Draft Letter and Signatories
The Quality Patents Coalition letter, a draft of which IPWatchdog has obtained, cites the controversial Perryman Group study on the AIA/ Patent Trial and Appeal Board’s impact on the U.S. economy as proof that CBM has been working, claiming that “the AIA and its collective review programs have ‘saved U.S. jobs and helped drive substantial economic gains over the past decade’ including an estimated $2.95 billion in GDP growth between 2014-2019.”
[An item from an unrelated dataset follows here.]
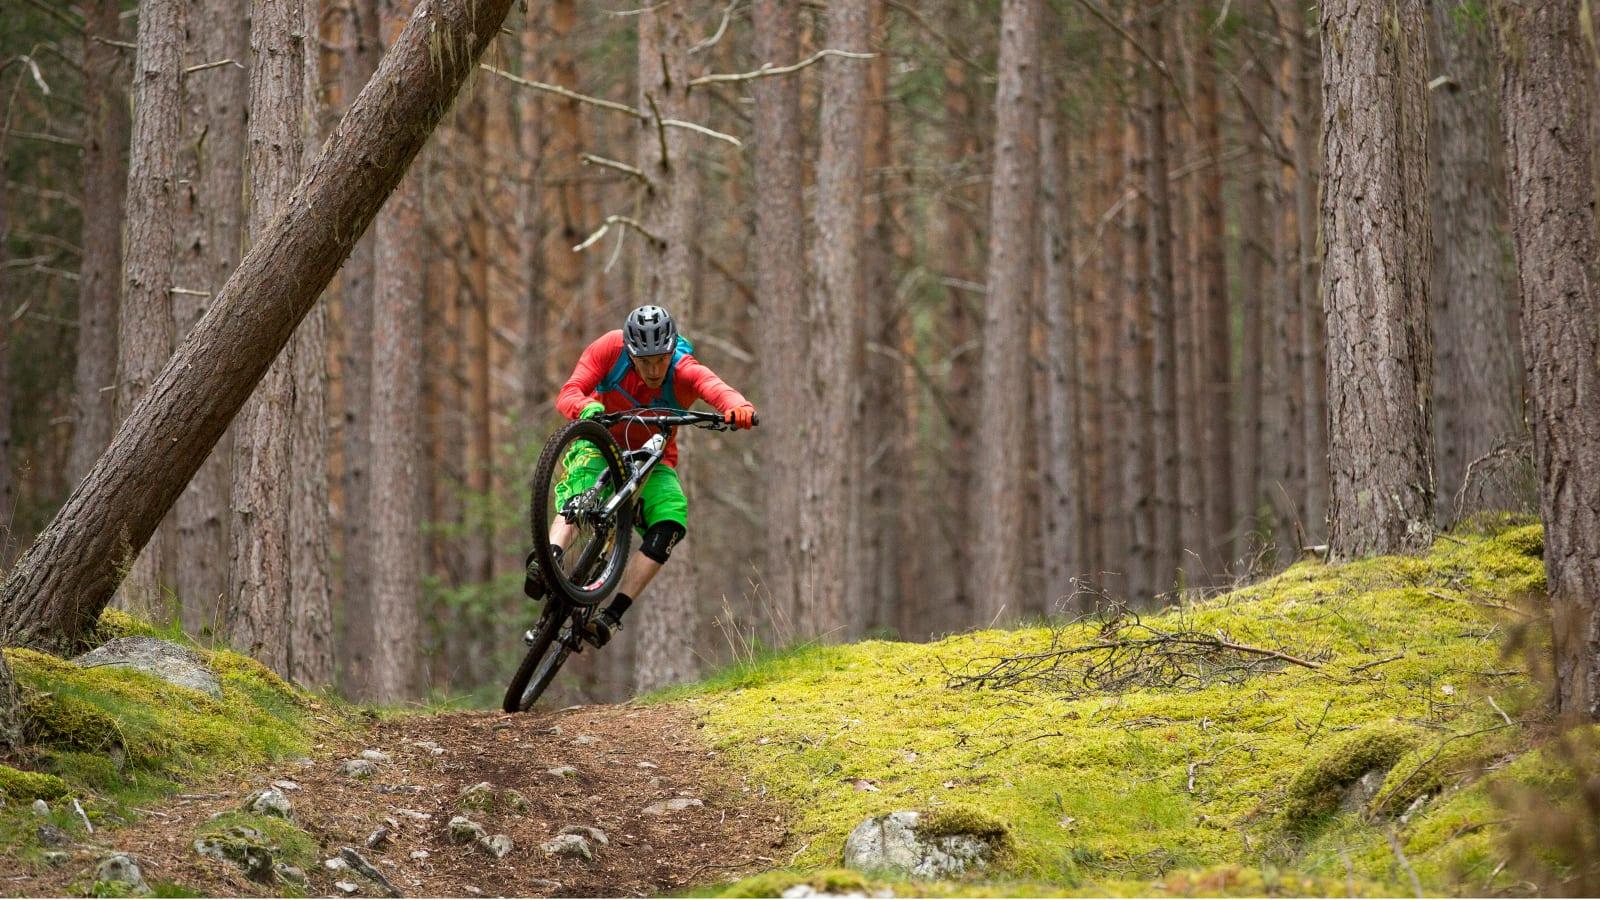 Whistler mountain biking wallpaper
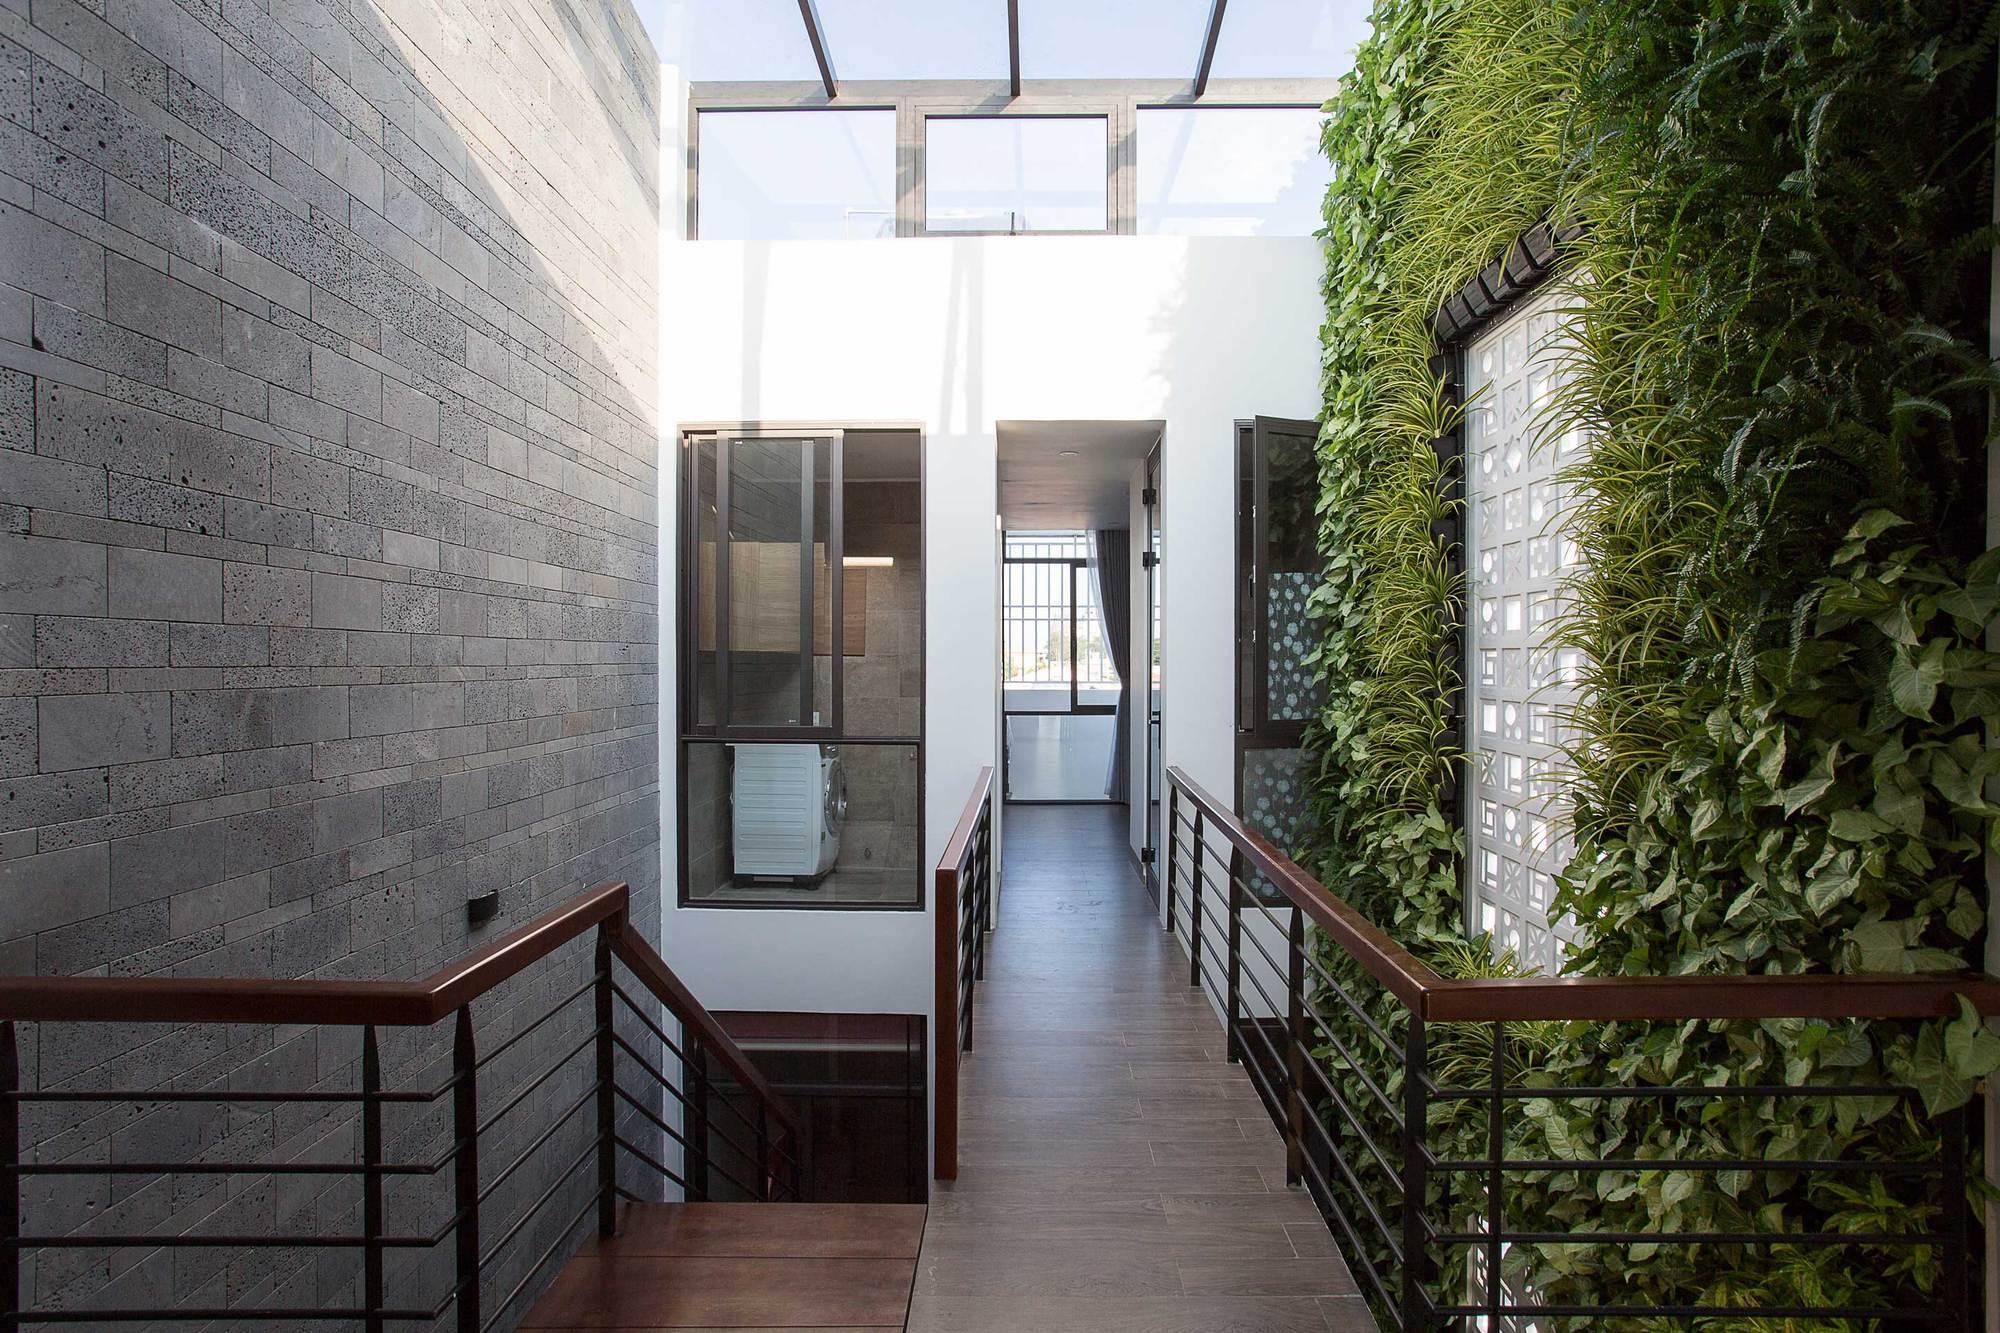 19 15463962687431944714156 - Ngôi nhà sâu đến 25m nhưng vừa xanh vừa thoáng nhờ hệ giếng trời và vườn đứng cực thông minh ở Đà Nẵng

Many have questioned the accuracy of these figures, as outlined in IPWatchdog’s recent analysis of the study.
The letter goes on to warn that data suggests some patent owners are waiting until after September 16 to assert their business method patents, and that non-practicing entities (NPEs) are actually stockpiling business method patents:
Secondary market activity is up 12.6% and the number of patents sold is up 69% (Q1 2020 v. Q1 2019). If these patents are asserted without the CBM program in place, the end result will be a tax on our economy at a time when many of our members are fighting to recover from the devastating economic impact of the COVID-19 pandemic.
The signatories to the letter include the following financial services and retail companies and organizations:
American Bankers Association
American Transaction Processors Coalition
Bank Policy Institute
Credit Union National Association
The Clearing House
Electronic Transactions Association
Independent Community Bankers of America
Innovative Payments Association
National Retail Federation
Retail Industry Leaders Association
In an August article for IPWatchdog, James Edwards of the Eagle Forum Education & Legal Defense Fund recalled that, in 2015, a bipartisan majority of the House voted down an amendment by then-Congressman Darrell Issa (R-CA), who chaired the House Judiciary IP Subcommittee at the time, to extend CBM. Edwards wrote: “Then-Ranking Member John Conyers (D-MI) pointed out in leading the opposition [to the amendment] that the USPTO had expanded CBM’s reach beyond financial services business methods. He said this exceeding of its statutory limitations made CBM ‘a new tool for infringers to drain legitimate patent holders of resources.’”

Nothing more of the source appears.